State v. Sahr
812 N.W.2d 83
Minn.2012Background
- State charged Sahr with first-degree criminal sexual conduct involving his 8-year-old niece; jury instructions framed the element as hand-to-genital contact, prompting defense to seek genital-to-genital wording.
- State sought to amend to add second-degree criminal sexual conduct; trial court refused, citing Rule 17.05 and prejudice concerns.
- After dismissal of the complaint with prejudice on the State’s motion, the State sought to file a new complaint charging second-degree conduct; court denied, citing double jeopardy.
- Appellate courts issued writs; on remand, trial court found the dismissal to be a finding of insufficient evidence to convict and that the second-degree charge was the same offense for double jeopardy purposes.
- Court of Appeals reversed; this Court granted review to address whether a defendant waives double jeopardy rights by not raising a known defect pre-jeopardy.
- Majority holds the district court’s dismissal was an acquittal on the merits, precluding retrial on the second-degree offense; dissent argues defense rule violations should not foreclose double jeopardy protection.
Issues
| Issue | Plaintiff's Argument | Defendant's Argument | Held |
|---|---|---|---|
| Whether the dismissal amounted to an acquittal on the merits | State contends the dismissal functioned as acquittal, barring retrial | Sahr argues the dismissal was not an acquittal on the merits | Yes; dismissal as acquittal on the merits precludes retrial on the offense. |
| Whether double jeopardy bars filing a new second-degree charge | State asserts retrial on a lesser offense is barred by double jeopardy | Sahr asserts no bar given acquittal on the original charge | Yes; double jeopardy bars retrial on a different degree of the same offense. |
| Whether defendant waived double jeopardy protections by failing to raise a known defect pre-jeopardy | State could review waiver issue notwithstanding rule objections | Sahr's failure to raise defect pre-jeopardy should not protect against double jeopardy | Not decided; Large precludes merits review of waiver here. |
| Whether the defense’s post-jeopardy motion to dismiss reflected improper manipulation of process | Maj. avoids addressing merits; dissent provides critique of defense tactics (not binding). |
Key Cases Cited
- State v. Large, 607 N.W.2d 774 (Minn. 2000) (acquittal on merits bars review of underlying issues in double jeopardy context)

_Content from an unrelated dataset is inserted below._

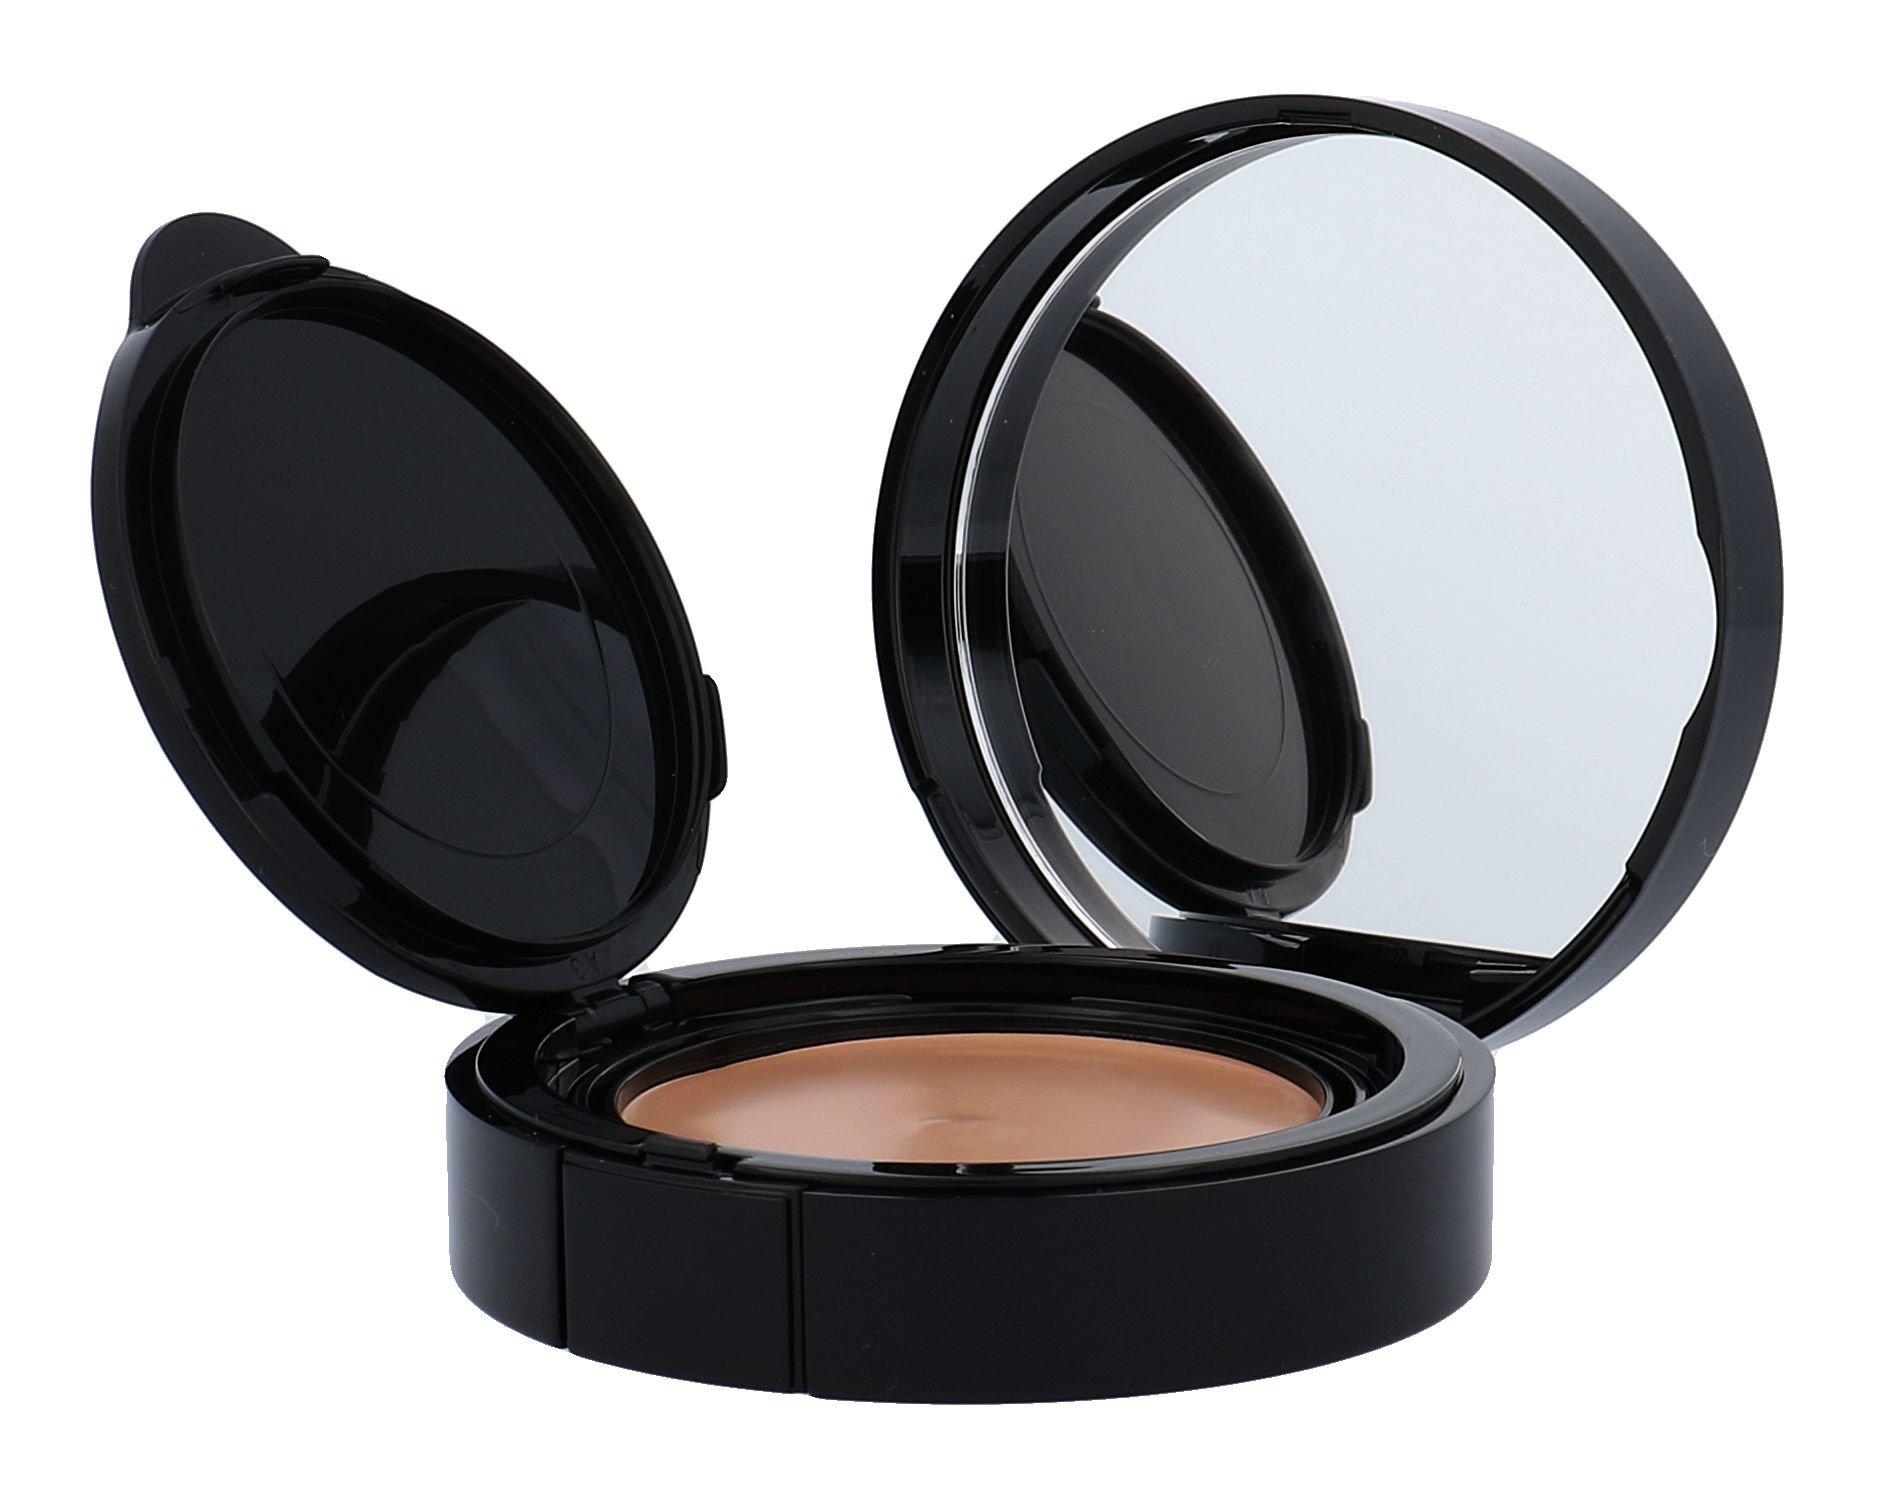 Chanel Vitalumiere Aqua Cosmetic 12ml 42 Beige Rosé Cream Compact SPF15

- Sanabria v. United States, 437 U.S. 54 (U.S. 1978) (acquittal based on factual guilt determination bars further prosecution)

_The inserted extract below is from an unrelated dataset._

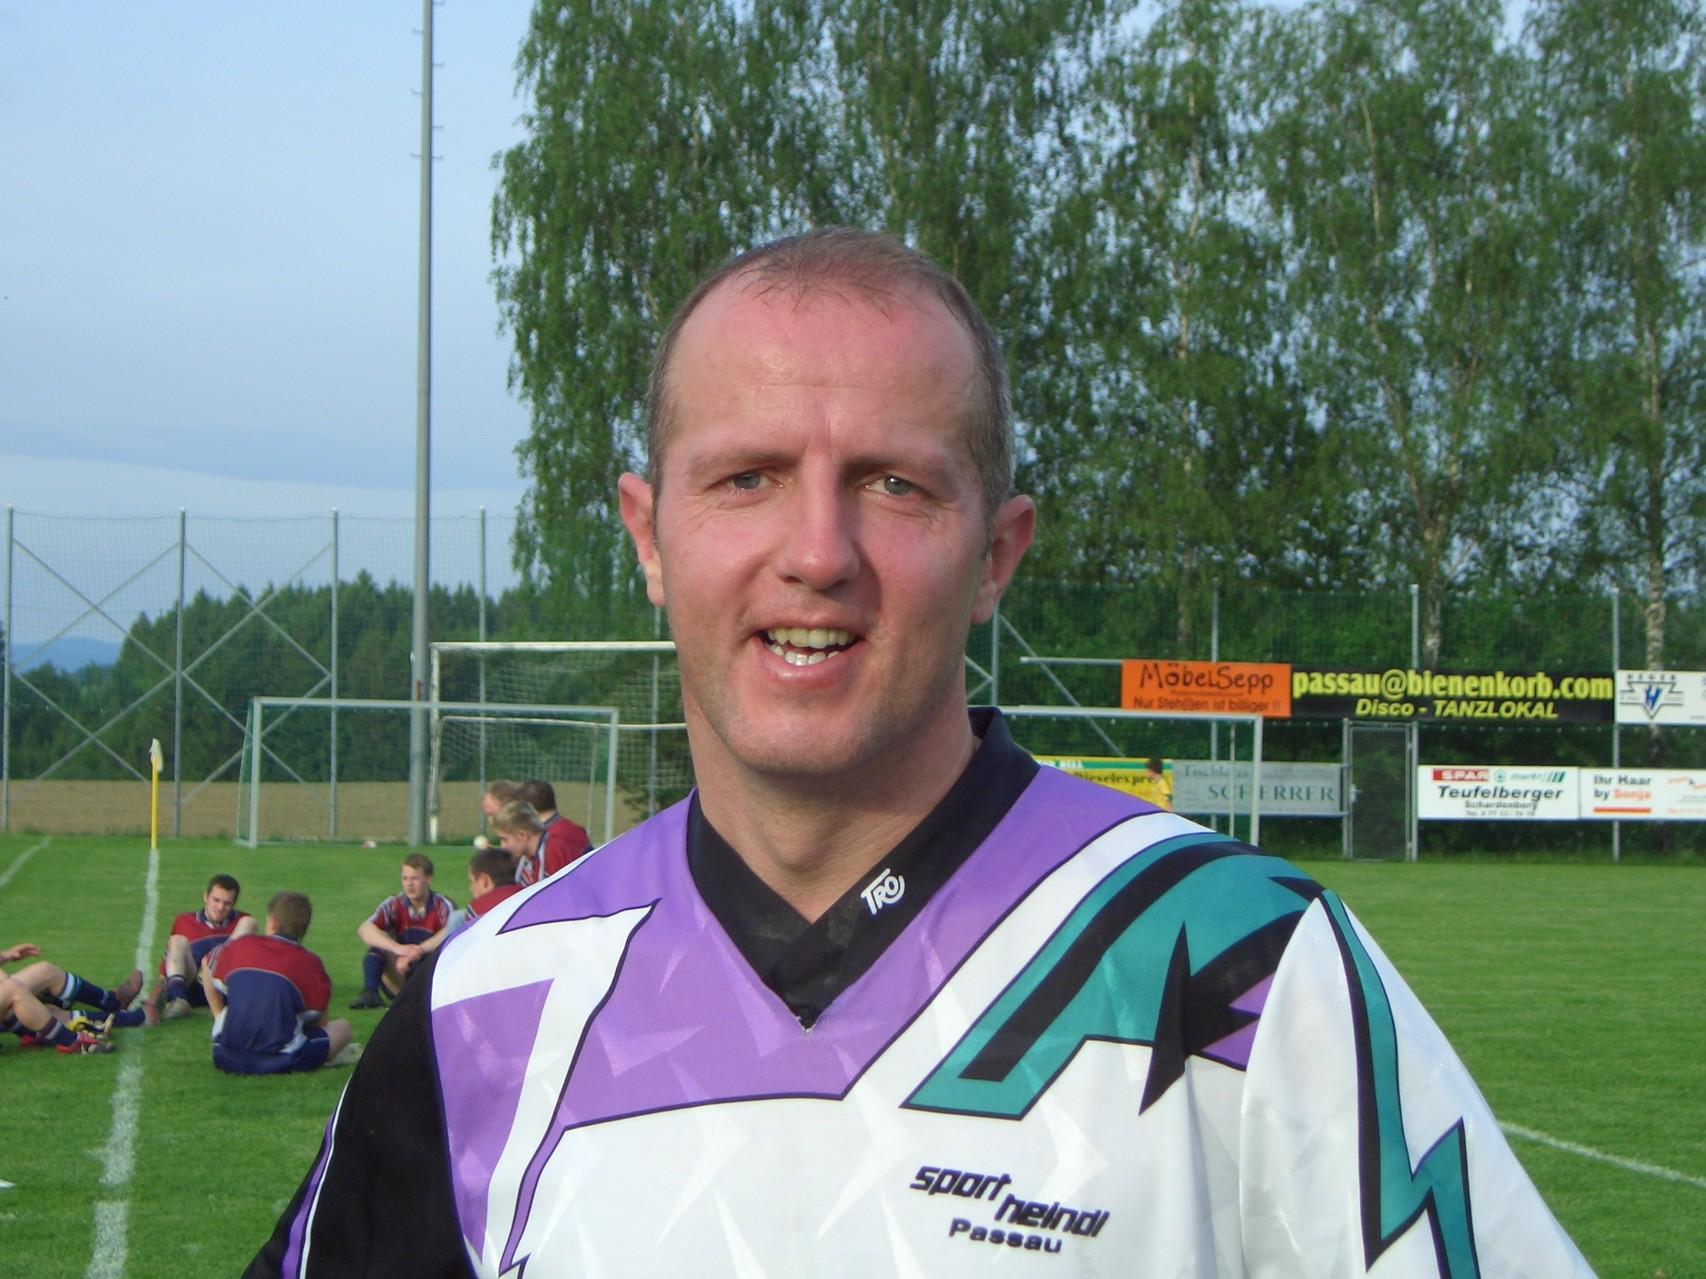 Torschützenkönig 2007 - Mayr Gerhard

- United States v. Scott, 437 U.S. 82 (U.S. 1978) (post-verdict double jeopardy considerations; authority on acquittal effects)
- State v. Holton, 88 Minn. 171 (Minn. 1902) (dismissal for variance between indictment and proof not final acquittal)
- State v. Hart, 723 N.W.2d 254 (Minn. 2006) (state may refile after pretrial dismissal in interests of justice (distinguishes jeopardy attachment))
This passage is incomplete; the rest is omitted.